Department of Pharmacology and Experimental Neuroscience, Center for Neurodegenerative Disorders, University of Nebraska Medical Center, Omaha, NE, 68198, USA.
Department of Medicine, Infectious Diseases Division, Icahn School of Medicine at Mount Sinai, New York, NY, 10029, USA.
J Neurovirol. 2018 Aug;24(4):398-410. doi: 10.1007/s13365-018-0629-1. Epub 2018 Mar 28.
The widespread use of antiretroviral therapy for treatment of human immunodeficiency virus (HIV) infections has dramatically improved the quality and duration of life for HIV-positive individuals. Despite this success, HIV persists for the life of an infected person in tissue reservoirs including the nervous system. Thus, whether HIV exacerbates age-related brain disorders such as Parkinson's disease (PD) is of concern. In support of this idea, HIV infection can be associated with motor and gait abnormalities that parallel late-stage manifestations of PD including dopaminergic neuronal loss. With these findings in hand, we investigated whether viral infection could affect nigrostriatal degeneration or exacerbate chemically induced nigral degeneration. We now demonstrate an additive effect of EcoHIV on dopaminergic neuronal loss and neuroinflammation induced by 1-methyl-4-phenyl-1,2,3,6-tetrahydropyridine intoxication. HIV-1-infected humanized mice failed to recapitulate these EcoHIV results suggesting species-specific neural signaling. The results demonstrate a previously undefined EcoHIV-associated neurodegenerative response that may be used to model pathobiological aspects of PD.

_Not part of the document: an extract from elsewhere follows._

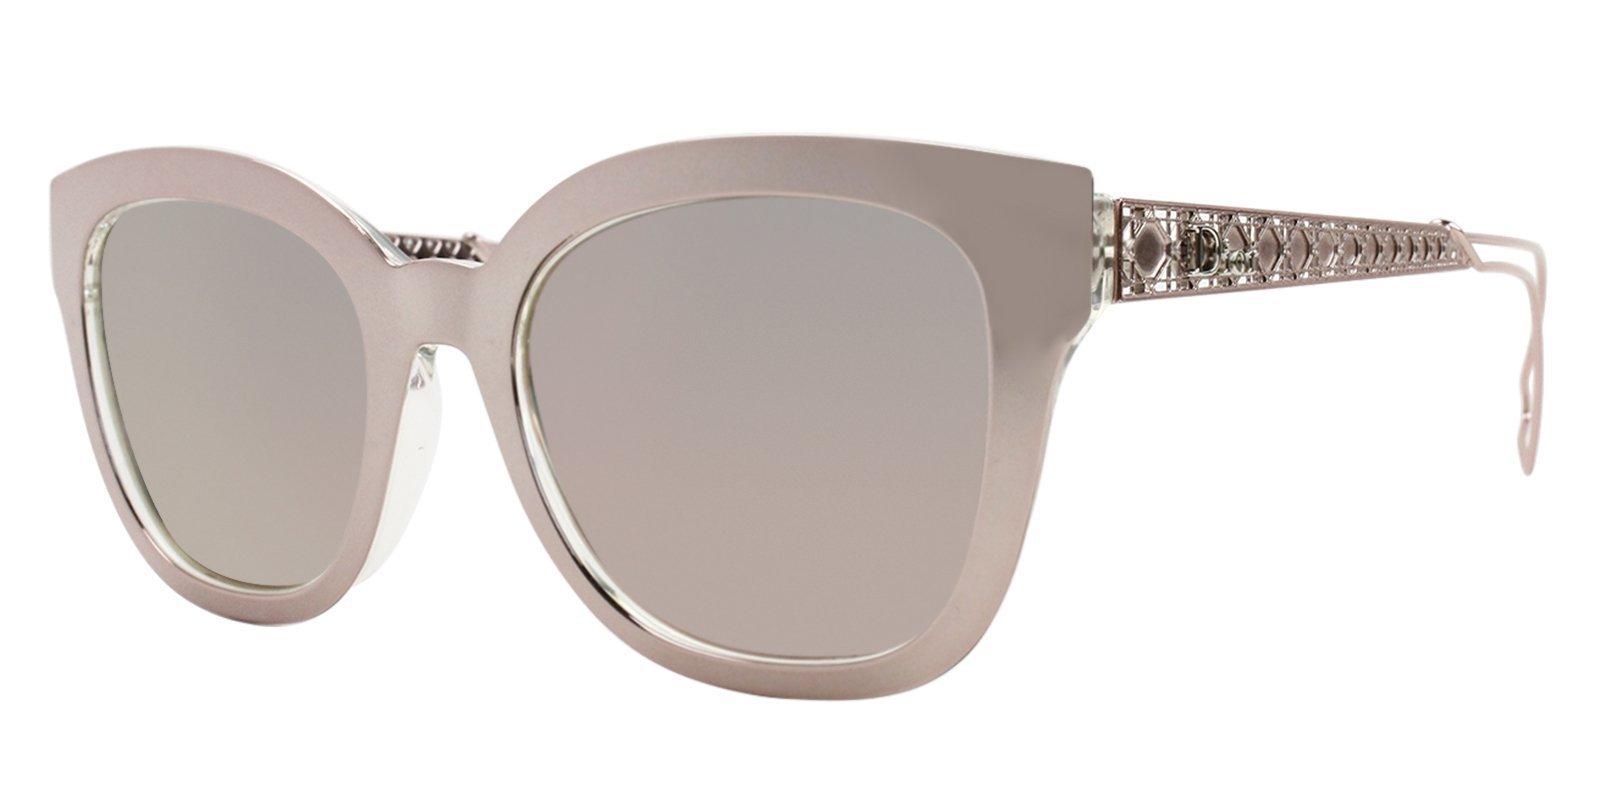 8088d4f2654 Dior - Diorama1 Pink - Pink sunglasses

抗逆转录病毒疗法在治疗人类免疫缺陷病毒(HIV)感染方面的广泛应用,显著提高了 HIV 阳性个体的生活质量和寿命。尽管取得了这一成功,但 HIV 仍存在于包括神经系统在内的组织储库中,伴随感染者终生。因此,HIV 是否会加重帕金森病(PD)等与年龄相关的大脑疾病,这一点令人担忧。支持这一观点的是,HIV 感染可导致运动和步态异常,与 PD 的晚期表现(包括多巴胺能神经元丧失)相平行。鉴于这些发现,我们研究了病毒感染是否会影响黑质纹状体变性或加重化学诱导的黑质变性。我们现在证明,EcoHIV 对 1-甲基-4-苯基-1,2,3,6-四氢吡啶中毒引起的多巴胺能神经元丧失和神经炎症有叠加作用。感染 HIV-1 的人源化小鼠未能重现这些 EcoHIV 结果,这表明存在物种特异性的神经信号。这些结果表明存在一种以前未定义的与 EcoHIV 相关的神经退行性反应,可用于模拟 PD 的病理生物学方面。